День был довольно светлый, бледное небо ясно. Но понизу стлалась дымка изморози, и крыши зданий плыли в ней, как в молоке. Лунин видел ущелья улиц, прямых и длинных, но что было на дне этих ущелий, он различить не мог, хотя иногда спускался к самым крышам. А как ему хотелось увидеть, узнать! Трамваи не ходят, но пешеходы всё же есть.
Нет, это совсем не мертвый город! Осажденный город жив, и даже сквозь стлавшуюся метель Лунин безошибочно угадывал приметы его суровой жизни: батареи зенитных орудий на просторных площадях, движущиеся башни кораблей, уже вмерзших в лед Невы, деловито бегущие по улицам военные грузовые машины.
А когда они с Серовым проходили над южной частью города, сплошь застроенной громадными корпусами заводов, Лунин стал замечать то над одной высокой кирпичной трубой, то над другой слабенький дымок. Эти мужественные дымки, мотавшиеся на ветру, свидетельствовали, что в городе есть не только камни, но и люди, и что люди эти трудятся.
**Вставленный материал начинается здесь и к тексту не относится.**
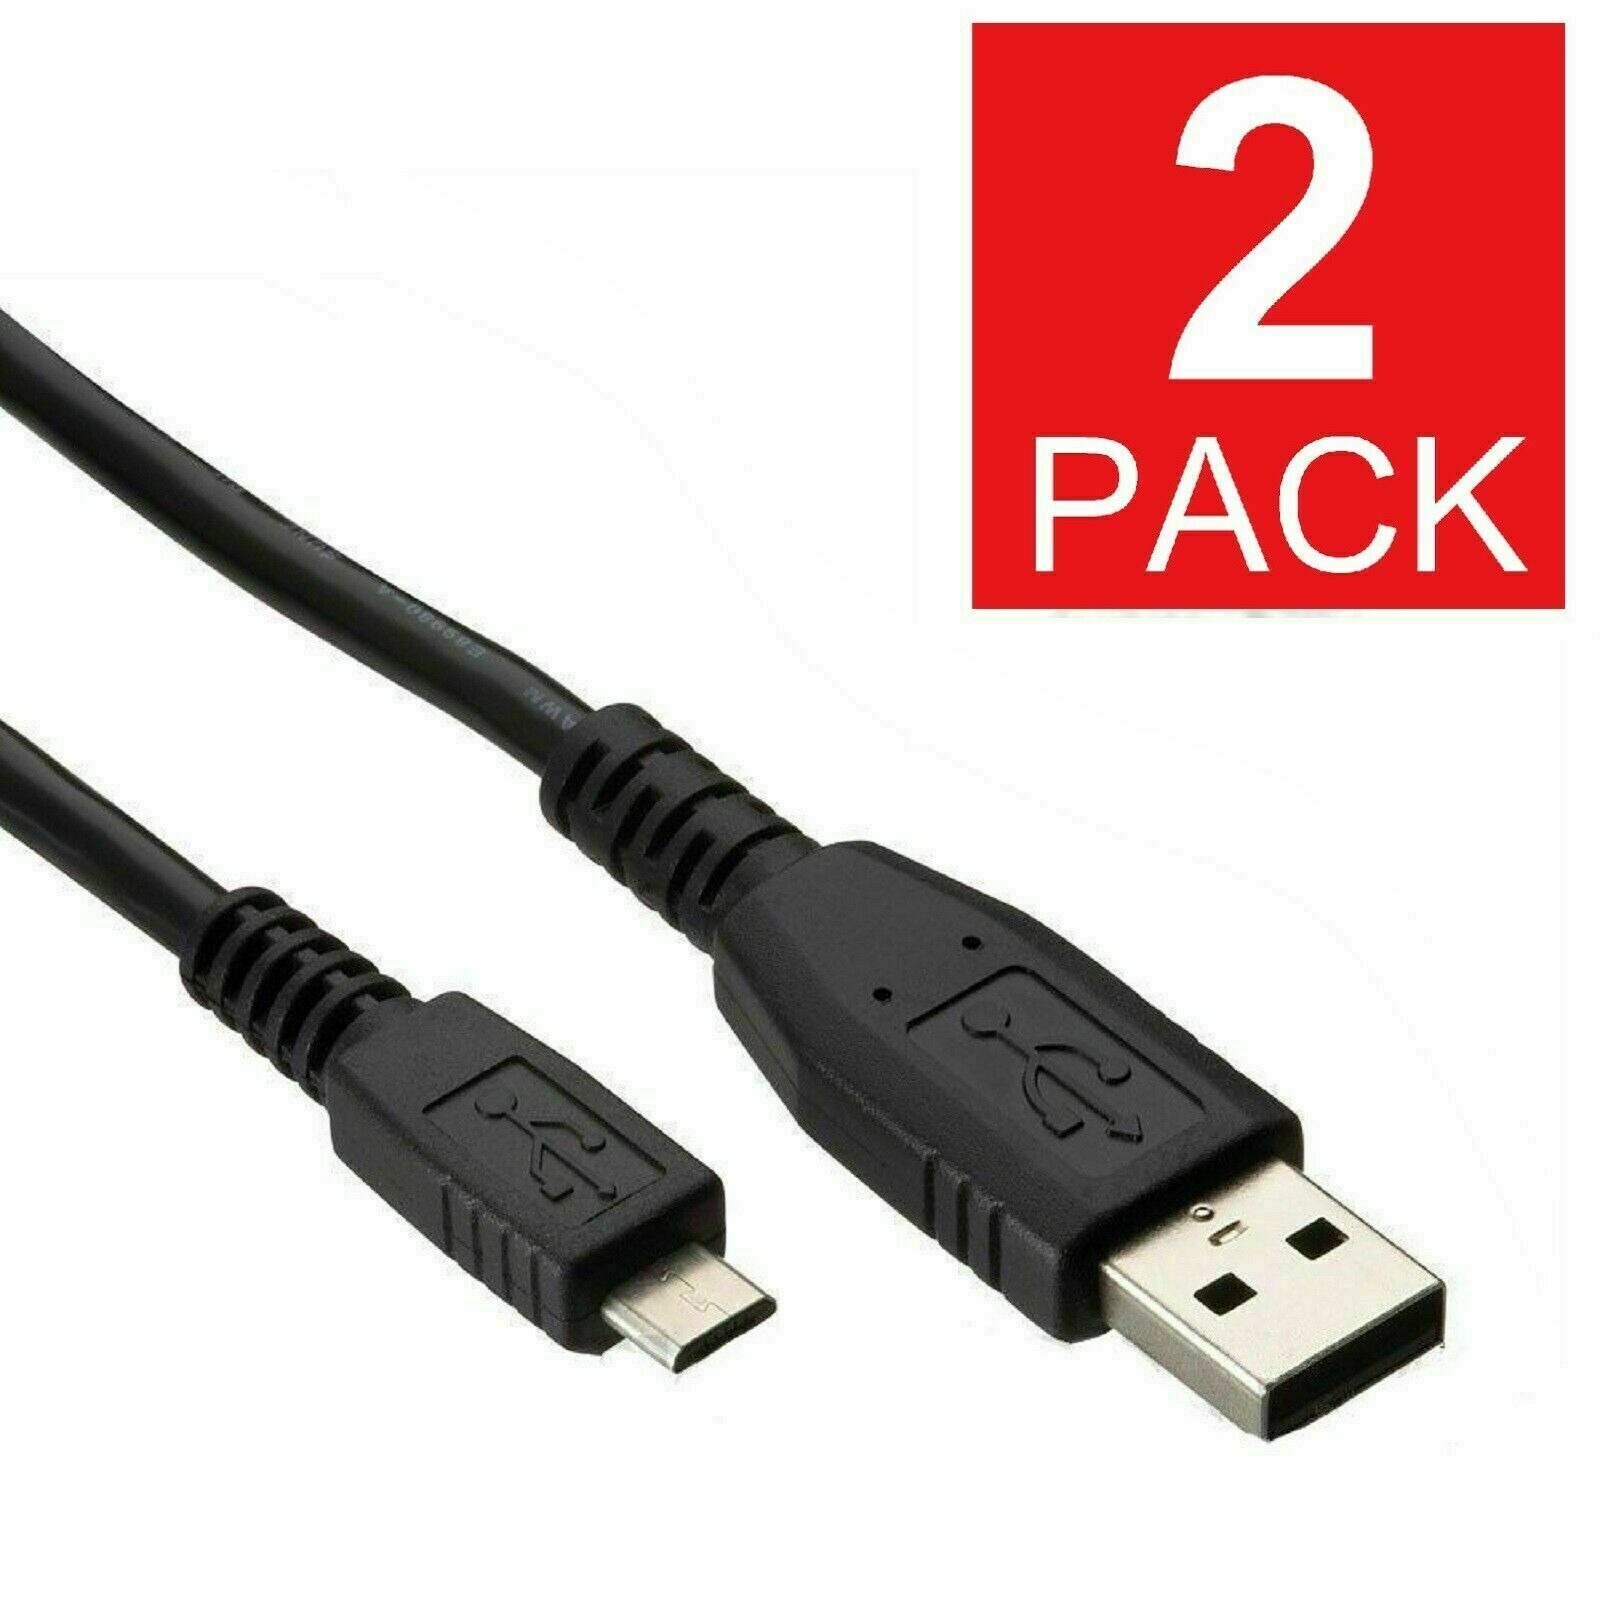 2 Pack Playstation 4 Controller Usb Charge Cable Kmd New (ps4 Charger Cord)

Лунин шел над заводами долго, минуты две, удивляясь громадности города, пока не увидел перед собой огромное поле, очень ровное, засыпанное тонким слоем снега. Линия фронта, подошедшая на юго-западе к Ленинграду вплотную, с юга отступала от города километров на пятнадцать, на двадцать, а в районе Колпина даже на двадцать пять. Лунин хорошо рассмотрел этот край на карте и теперь сразу же узнал две железные дороги, которые пересекали поле, постепенно расходясь, как расставленные пальцы. Он видел на рельсах цепочки вагонов, паровозы.
И вагоны и паровозы были неподвижны, многие из них разрушены. Видел он и сероватую полоску автомобильной дороги, еле выделявшуюся среди окружающей белизны. По ней на большом расстоянии друг от друга ползли к фронту три машины с красноармейцами.
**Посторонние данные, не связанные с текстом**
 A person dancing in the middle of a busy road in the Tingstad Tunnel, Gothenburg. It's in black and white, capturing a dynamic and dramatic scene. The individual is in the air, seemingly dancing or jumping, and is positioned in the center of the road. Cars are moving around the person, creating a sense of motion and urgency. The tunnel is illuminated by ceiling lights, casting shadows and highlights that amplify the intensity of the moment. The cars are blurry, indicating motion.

Далеко впереди он увидел широкий, приземистый холм, поднимавший над полем рощу из редких стволов. Помня карту, он догадался, что это Пулкова гора, и пошел к ней. Там находилась знаменитая Пулковская обсерватория. Фронт проходил совсем рядом. Но Лунин решил дойти до нее.
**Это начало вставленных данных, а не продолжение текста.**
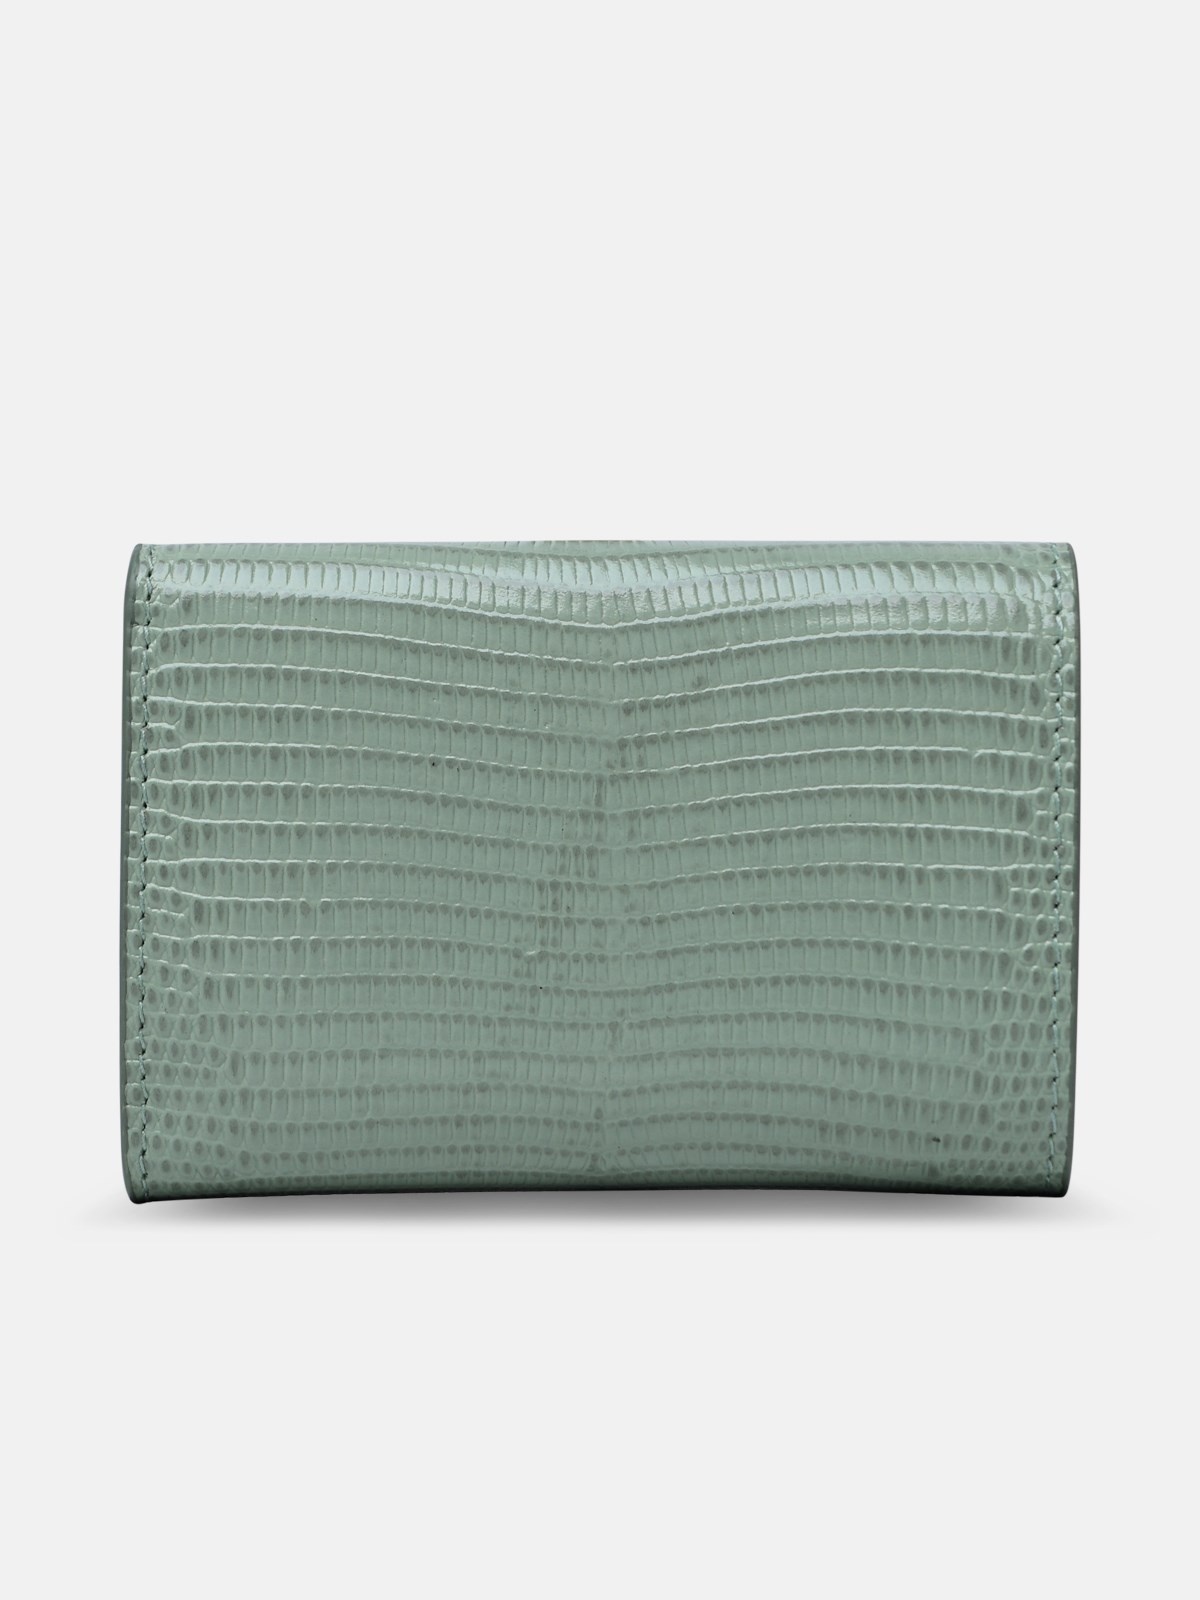 PASTEL GREEN CALF LEATHER WALLET - 3

Следя за полем внизу, он теперь стал замечать, что на нем время от времени внезапно возникают маленькие темные пятна.
Он хорошо знал, что это такое: по полю бьет немецкая артиллерия, снаряд, разрываясь, переворачивает землю, и на снегу образуется темное пятно. Он решил набрать высоту, пройти над Пулковой горой и посмотреть, где стоят немецкие батареи. Но не успел он подняться на сотню метров, как у него замолк мотор.
В этом не было ничего неожиданного, так как перебои в его моторе случались не раз и раньше, - вероятно, еще и в то время, когда на этом самолете летал Никритин. За шесть месяцев войны самолет Лунина побывал в таких переделках, столько раз был пробит и залатан, что Лунин постоянно удивлялся, как это он вообще летает. Еще в самый первый свой полет на этом самолете он сделал вынужденную посадку из-за внезапной остановки мотора в воздухе. Впоследствии, когда мотор начинал глохнуть, он уже больше не садился на землю, так как знал, что стоит немного подождать - и мотор опять потянет. Но для этого нужен был запас высоты, а высоты у него не было. Он летал низко, потому что хотел получше рассмотреть город и поле. И земля быстро шла ему навстречу.
Хорошо, что он не успел перемахнуть через линию фронта. Теперь только бы переползти через ту часть поля, куда падают снаряды. Он осторожно планировал, надеясь, что мотор вот-вот заговорит. Но мотор молчал, до посадки осталось несколько секунд. Он выпустил шасси и сел на мерзлую землю, покрытую неглубоким снегом.
Пролетая над этим местом, он не представлял себе, что здесь так шумно. Воздух был полон отвратительного воя и грохота. Едва он сел, как справа от него, метрах в семидесяти, поднялся столб дыма, и самолет качнуло взрывной волной. Нужно торопиться. Лунин выскочил из кабины.
Он хотел добраться до мотора, но тут опять грохнуло где-то за спиной. Лунин упал на снег ничком. Ну и местечко для посадки! Он поднялся и осмотрелся, отфыркиваясь от снега, залепившего лицо. Серов, конечно, не ушел никуда, самолет его кружит и кружит над Луниным. Снежная равнина вокруг казалась Лунину пустынной. Пулкова гора смутно возвышалась вдали, закрывая горизонт. Город тоже был виден: он начинался прямо у поля громадами домов. Далеко сбоку, крохотные, как букашки, ползли те самые три грузовика с красноармейцами, которые Лунин видел сверху.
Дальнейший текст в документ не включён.